Стеклянный экран потух, тусклый свет загорелся в самой операционной.
— Простите, что заставил вас поволноваться, — произнес Штайниц. — Все получилось не так, как я предполагал. Думал, сегодня другой опыт. Но это даже к лучшему. — Он обнял за плечи Лебволя, отвел в сторону. — Ни слова Эрне о том, что сегодня увидели, мой друг. Она может расстроиться и не спать всю ночь.
Лебволь согласно кивнул а опустил голову. Конечно, бессонница фрейлейн важнее всего.
— На сегодня хватит, — сказал Штайниц, обращаясь к сотрудникам. — Идите отдыхать.
Лебволь смотрел на угрюмых помощников Штайница, и ему становилось понятно, почему они в свободные от дежурства дни напивались до беспамятства.
Юрген не помнил, как вошел в дом-барак, открыл дверь в указанную ассистентом комнату. Он взял стоявшую на столе бутылку, открыл ее, до краев налил фужер. Не думая, выпил и повалился на кровать. Тут же открылась дверь, и в комнате появился старик в белом халате.

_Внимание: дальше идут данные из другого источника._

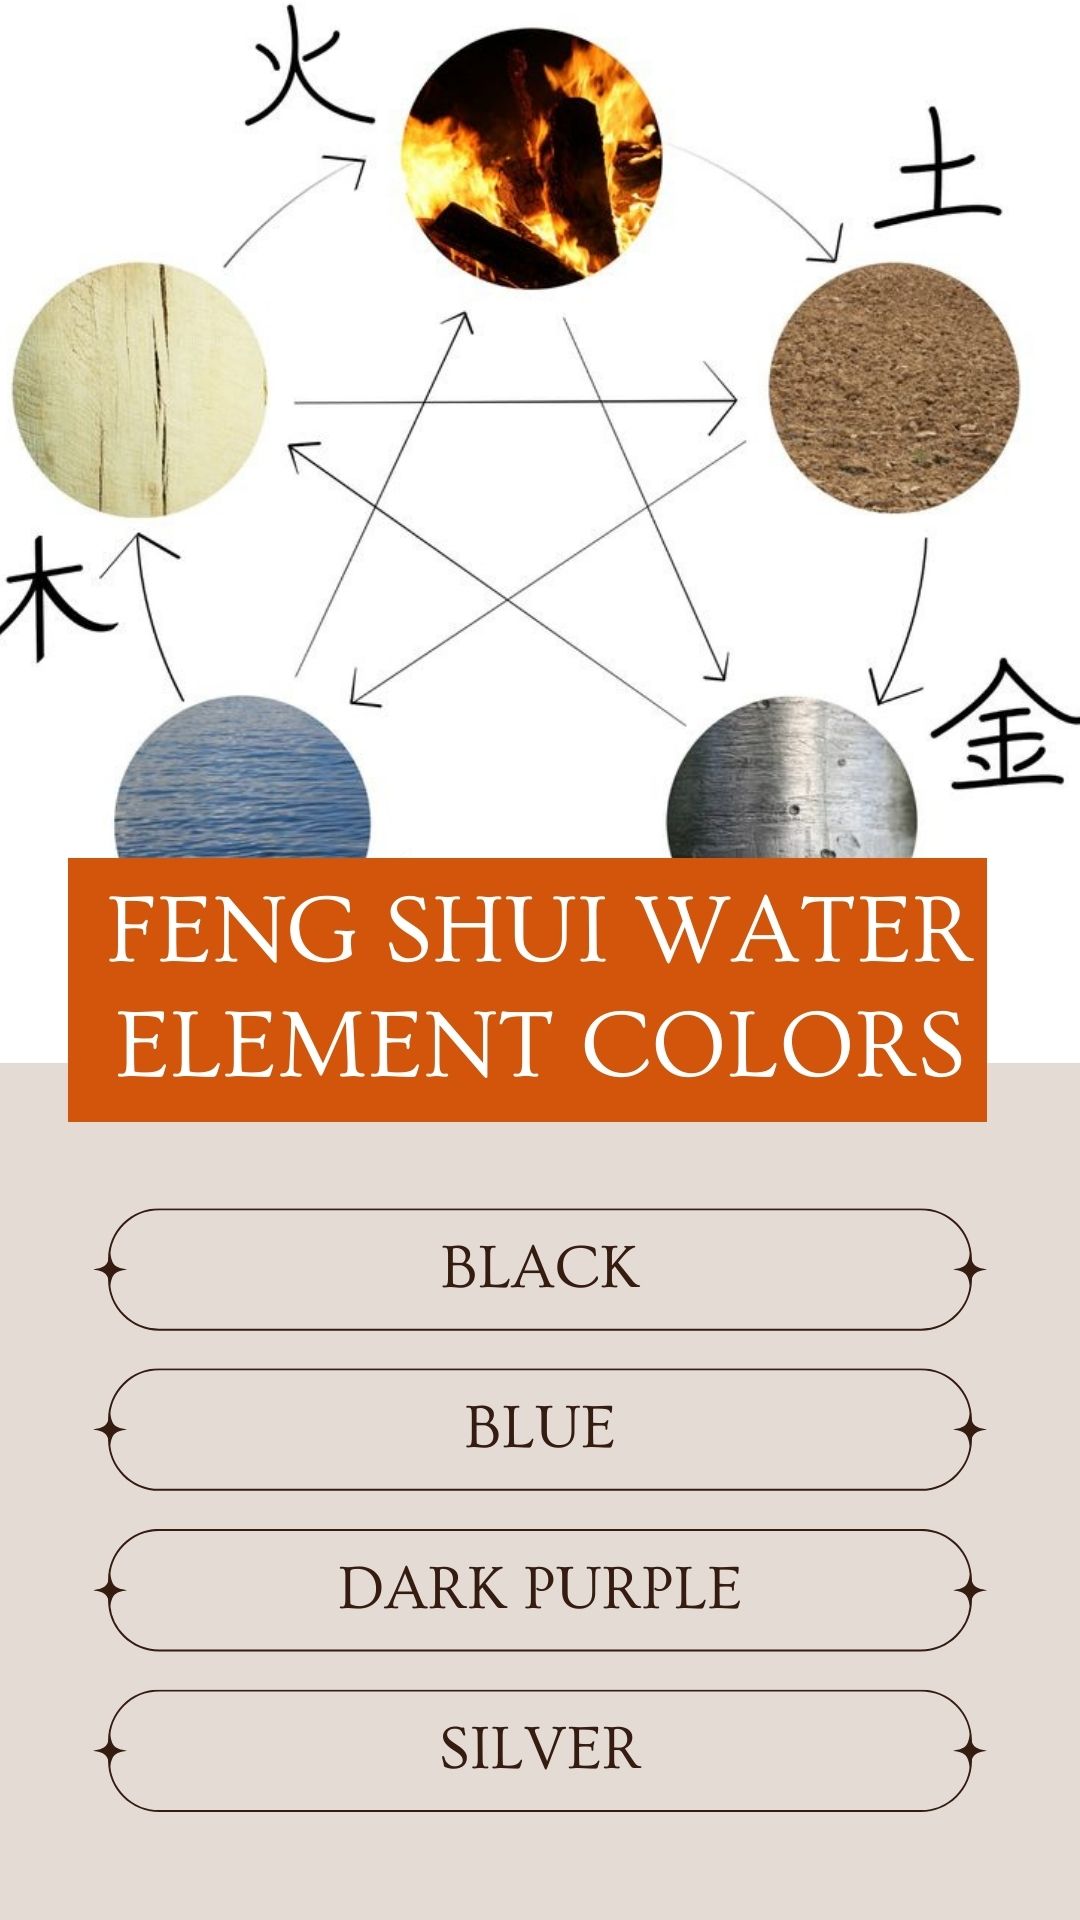 Feng Shui Water Element Colors

— Порядок здесь для всех одинаков, — строго сказал он. — Отдыхать можно только в раздетом виде. Прошу вас, разденьтесь, пожалуйста, — голос его звучал уже мягче. — Иначе мне попадет за вас от коменданта.

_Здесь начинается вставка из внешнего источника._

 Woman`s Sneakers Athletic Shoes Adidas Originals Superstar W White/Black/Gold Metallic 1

Старик вышел. «Как он через закрытую дверь увидел, что я лег на кровать? — соображал Юрген. — Выходит, за мной следят?..» Пересилив отвращение, он снова глотнул рома, разделся и лег, уткнув лицо в подушку. «Заснуть, заснуть, заснуть…»- сверлила назойливая мысль. Но сон не шел. Его гнали прочь толпы окровавленных людей, молящих о помощи. Они бежали к нему, Юргену Лаутербаху, кричали, плакали: «Спаси нас! Спаси!» Юрген пытался как можно крепче закрыть глаза, но люди не уходили. «Боже мой! Боже мой! — простонал вконец измученный Лаутербах. — И это происходит на священной земле! Да! Да… Это ад, сущий ад… О Данте! Великий, прекрасный Дайте! Что твоя «Божественная комедия»?! Даже твой могучий талант бессилен был нарисовать такое. Все страдают, все корчатся в желтом круге ада, все отдано во власть Люцифера с лицом доктора Штайница! Ад! Круги ада, жестокие, ужасные…»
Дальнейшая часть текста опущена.